Arábia Saudita entregou joias a Bolsonaro em meio a lobby para Brasil entrar na OPEP

Atualizado em 24 de abril de 2023 às 13:07
O príncipe Abdulaziz Bin Salman Bin Abdulaziz Al Saud, ministro de Energia do reino da Arábia Saudita, participa de reunião com o então ministro de Minas e Energia brasileiro, Bento Albuquerque. Foto: Reprodução/Itamaraty

Por Jamil Chade, Giovana Girardi, Natalia Viana

O governo brasileiro discutiu a produção da Petrobras e a entrada na Organização dos Países Exportadores de Petróleo (OPEP) com a Arábia Saudita sob o pretexto de tratar de energias “limpas”, indicam documentos obtidos pela Agência Pública e fontes no Itamaraty.

A viagem encabeçada pelo ex-ministro de Minas e Energia de Jair Bolsonaro (PL), o almirante Bento Albuquerque, em outubro de 2021, tinha como justificativa o lançamento da “Iniciativa Arábia Saudita Verde”, mas, de acordo com a apuração, nos bastidores se tratou da produção de petróleo e do lobby dos sauditas para reforçar o cartel da OPEP. Foi a segunda vez que o convite para o Brasil se juntar ao grupo foi feito diretamente ao primeiro escalão do governo Bolsonaro.
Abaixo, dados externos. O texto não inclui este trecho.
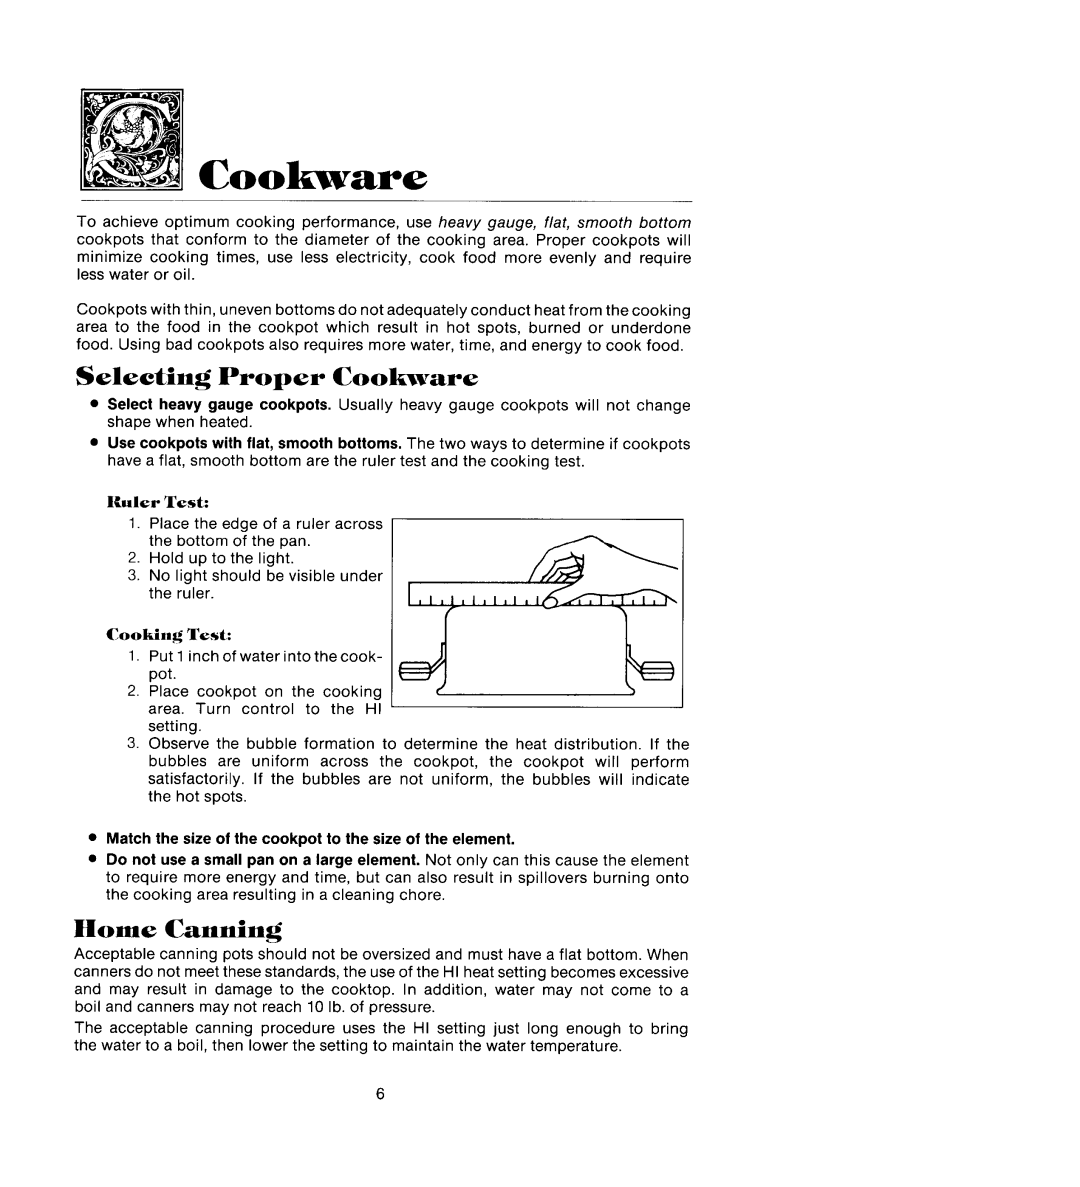 Jenn-Air CCR466B manual Selecting Proper Cookware, Home Canning, Ruler Test

O evento funcionou como ação de greenwashing, termo usado para ações que parecem sustentáveis, mas na realidade servem para tentar melhorar a imagem de empresas e governos que poluem.

Foi dessa viagem que a comitiva voltou com as joias milionárias que seriam entregues como presente a Bolsonaro e à então primeira-dama Michelle, em vez de serem incorporadas ao acervo do Estado brasileiro, como revelou o Estadão. Após o escândalo, Albuquerque chegou a afirmar que escreveu ao governo saudita informando que a joia seria incorporada ao acervo nacional. Entretanto, em resposta a um pedido de Acesso à Informação feito pela Pública, o Ministério de Minas e Energia afirmou que não encontrou nenhum registro da tal carta. Segundo fontes ouvidas pela reportagem, a estratégia saudita era uma “operação sedução” que, além dos presentes, também envolveu promessas de investimentos no Brasil.
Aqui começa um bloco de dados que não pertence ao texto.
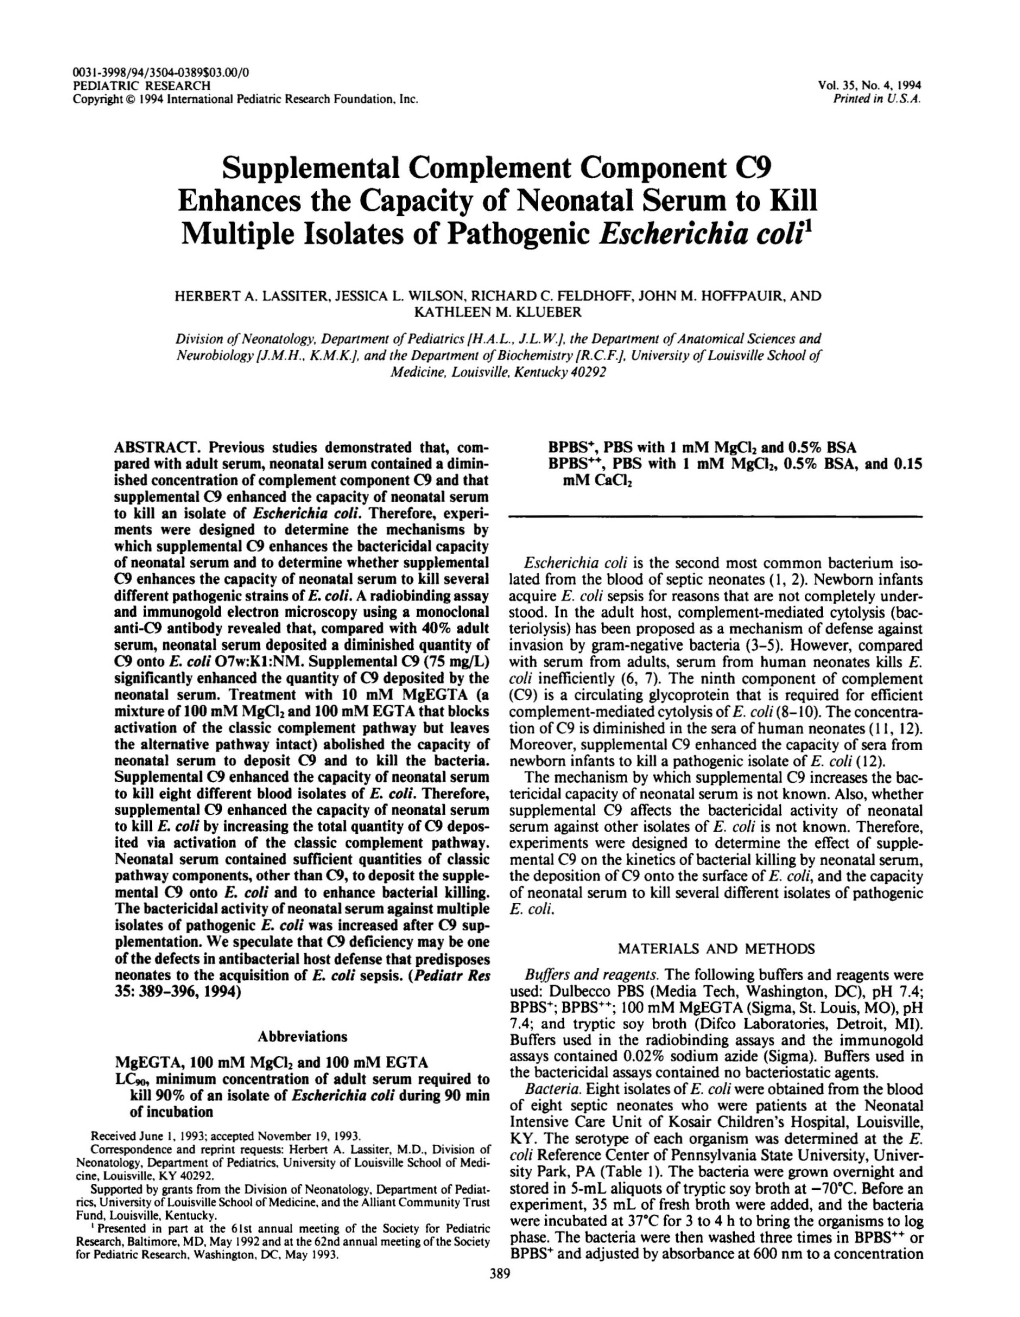 Supplemental Complement Component C9 Enhances the Capacity of Neonatal Serum to Kill Multiple Isolates of Pathogenic Escherichia Coli'

A OPEP é o cartel de países produtores de petróleo fundado em 1960 inicialmente com Arábia Saudita, Irã, Iraque, Kuwait e Venezuela. Atualmente, a organização tem mais de 10 membros, além de países alinhados, mas que não são membros, como a Rússia — que integra a chamada OPEP+, uma espécie de segundo escalão do bloco. O Brasil foi convidado para fazer parte deste escalão, criado para ampliar o poder político do grupo, que atua para determinar o preço do barril pelo mundo. Na OPEP+, os países não precisariam adotar as mesmas medidas determinadas pelo grupo a membros, nem mesmo sobre as cotas de produção. Para os sauditas, a lógica é simples: quanto maior o número de produtores dentro do cartel, melhor para sua posição de força.

Ministro discutiu petróleo em evento “verde”

Nos dias 23 e 24 de outubro de 2021, o almirante Albuquerque visitou a Arábia Saudita como representante do governo Bolsonaro para um evento de lançamento da “Iniciativa Arábia Saudita Verde”. Com o tema “Uma nova era de ação: oásis vivo”, o objetivo, de acordo com o convite enviado ao Estado brasileiro, era “promover uma ação ambiental ambiciosa”, com a promessa de o país alcançar 50% de fontes renováveis de energia até 2030 e de plantar 10 bilhões de árvores nas próximas décadas.

O evento, que reuniu também o primeiro-ministro indiano, Narendra Modi, e o enviado especial para questões climáticas dos EUA, John Kerry, trazia como justificativa o cenário de emergência climática vivido pelo mundo. Mas as palavras escolhidas foram cuidadosas e não faziam em nenhum momento menção à necessidade de redução do uso de combustíveis fósseis – cuja queima é a principal fonte de emissões do gases que provocam o efeito estufa.

“O mundo está entrando em uma nova fase de transformação econômica em um momento crítico para o planeta. O reflorestamento e soluções baseadas na natureza são agora ativamente buscadas por seus benefícios ao clima e à biodiversidade e por seus retornos financeiros. Essa transformação é a oportunidade de crescimento do século. Precisamos de ação urgente e baseada na ciência. Precisamos disso em grande escala. E precisamos agora”, continuava o convite.